Let us work up to a Scoreboard verdict in the manner of Tevye in Fiddler on the Roof…

  • On one hand, it is unfair to shock jocks like Imus to pay them and profit from them precisely because they are spontaneous and outrageous, and then to react with horror when they miscalculate in a spur of the moment exchange. It’s a high wire act, and falling is inevitable.

    On the other hand, Imus’ attack was undeniably a racial slur, and aimed at young college athletes who, unlike his usual celebrity targets, neither did anything to prompt them nor were accustomed to being attacked. It was a mean spirited sucker-punch delivered to innocents. Cruel and unfair…to them.
  • On one hand, stifling speech of any kind is abhorrent to the nation’s values.

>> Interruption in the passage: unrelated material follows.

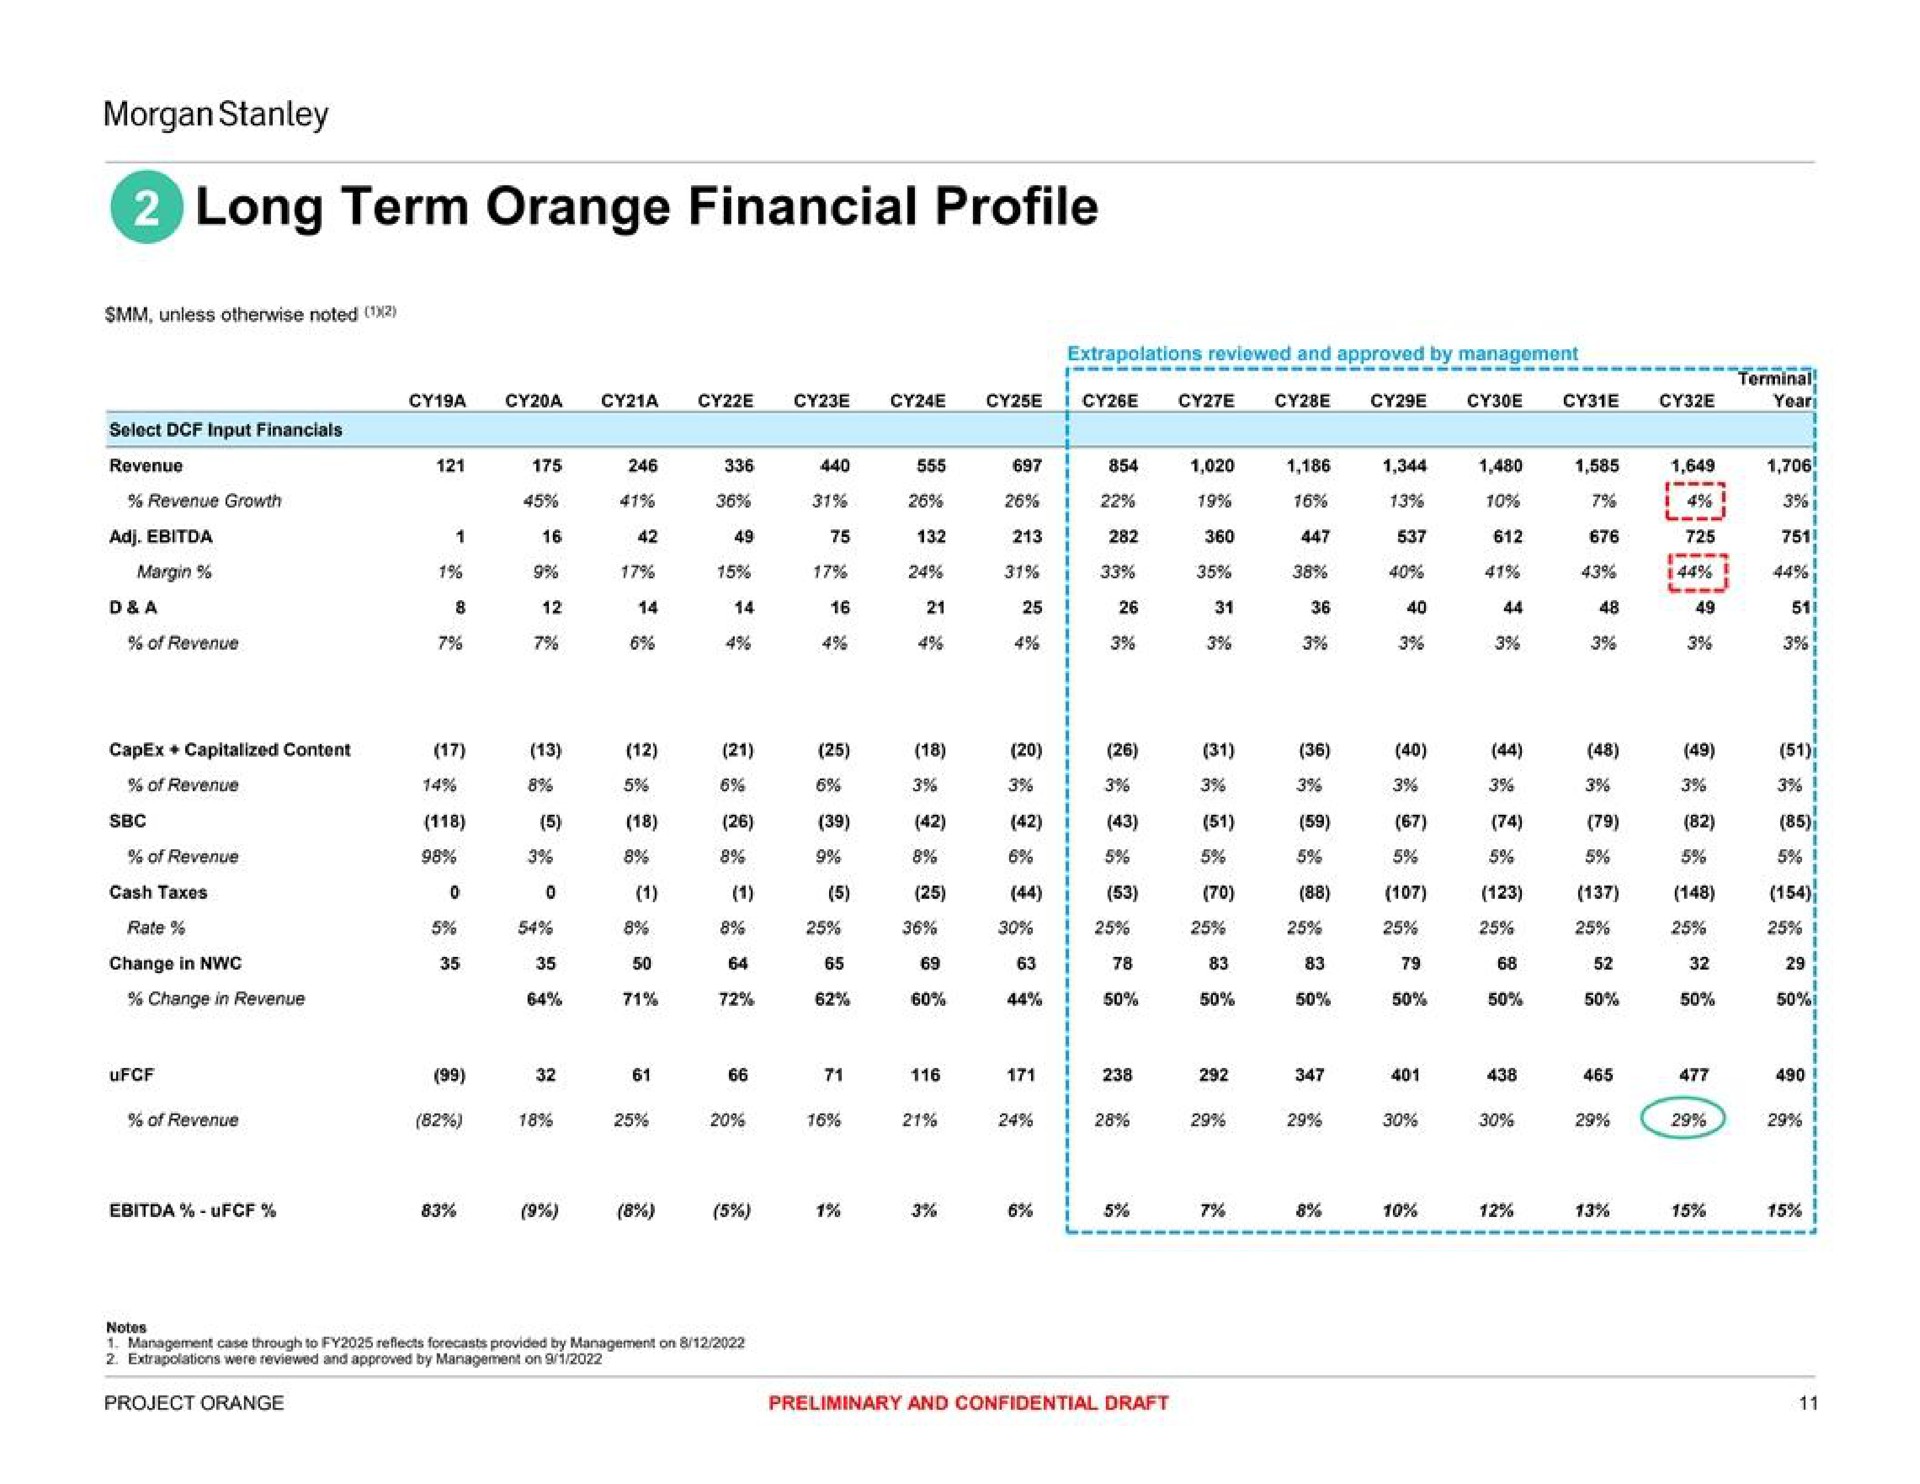 long term orange financial profile | Morgan Stanley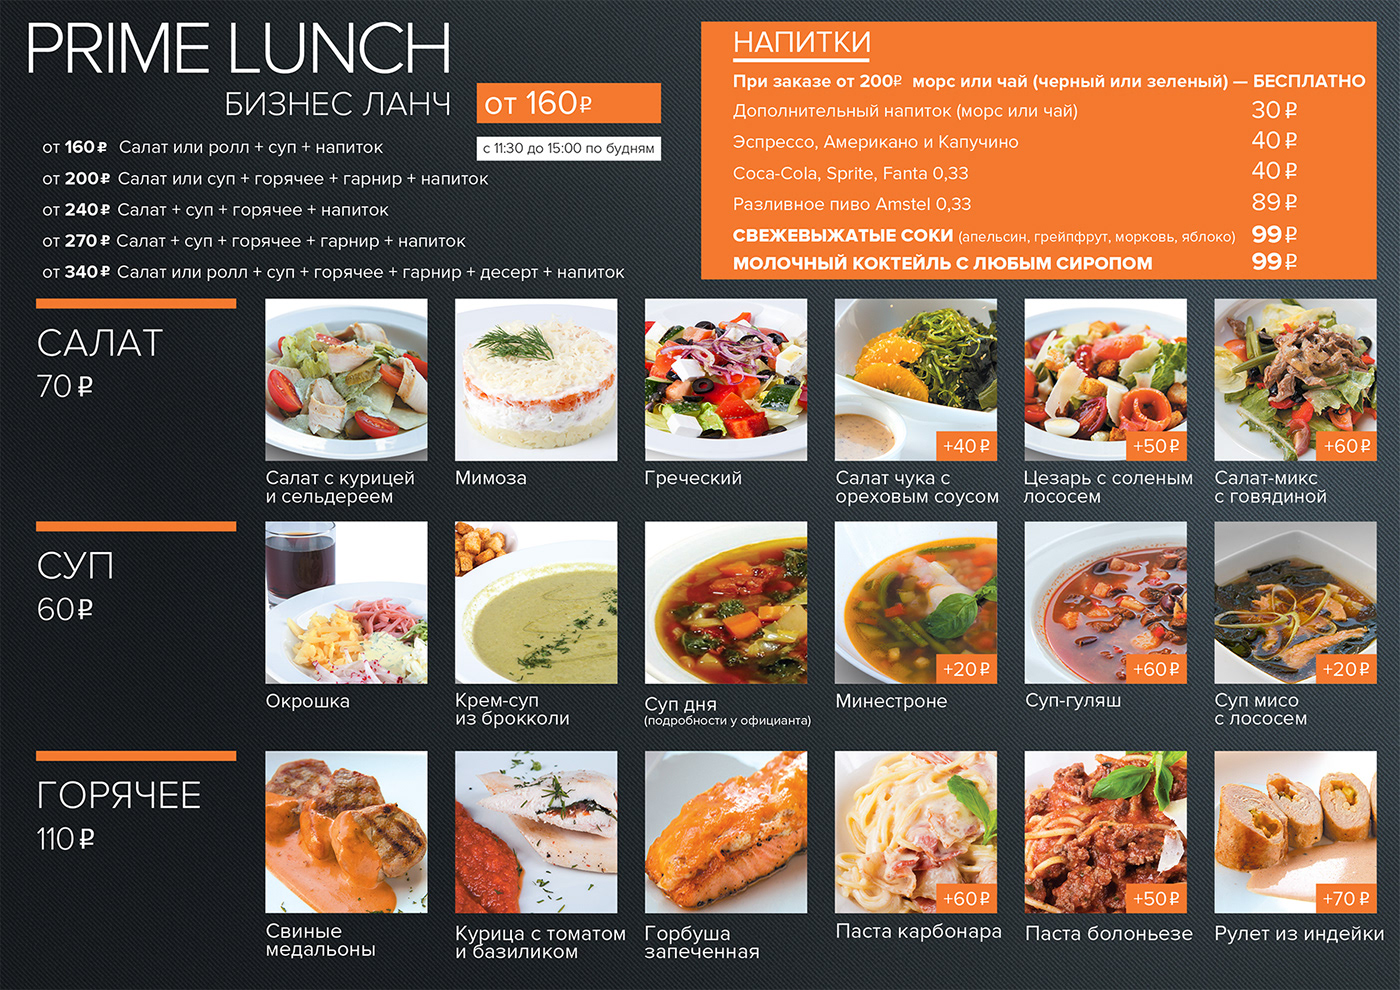 PRIME restaurant business lunch menu.

Censorship is a slippery slope.

    On the other, hateful, racist speech exacerbates the racial divide in America and needs to be discouraged.
  • On one hand, many of those leading the charge against Imus, like Al Sharpton and Jesse Jackson, are rank hypocrites who make their living exploiting white guilt and fear of being called racists. Both Jackson and Sharpton have had their own episodes of racist speech.

    On the other, just because Jackson and Sharpton are race-hustlers doesn’t mean they are always wrong. In this case, they had a point.
  • On one hand, Imus’ inevitable forays into gratuitous abuse of minorities presented an excellent opportunity for public debate and exploration of the complex relationship between free speech, entertainment, unpopular ideas and unacceptable conduct.

    On the other…but there is no other hand!

Imus should not have been fired, though he undoubtedly committed an offense worthy of firing. He should have been, and was, excoriated, suspended, punished and condemned. He was right to the young women he insulted, and he must learn that attacking people who have done nothing wrong and who do not live in the public eye is a miserable thing to do that cannot be justified by the pursuit of cheap laughs. But the loss to freedom of discourse and diversity of ideas that is likely to issue from his firing is too great. Not because we need Don Imus; we certainly don’t. What we do need is a culture that listens before it condemns, and where debate, rather than suppression, is the remedy for bad manners, bad language, bad comedy and bad attitudes. It is far better to have people say the occasional offensive comment than to have them terrified of speaking. The political correctness advocates taking high-fives for Imus’ demise will see Rosie O’Donnell go next, as the culture wars continue. Before it’s all over, if it ever is, nobody more daring than Larry King may be left on the airwaves.

That is far too high a price to pay to avoid an occasional offensive comment from a shock jock.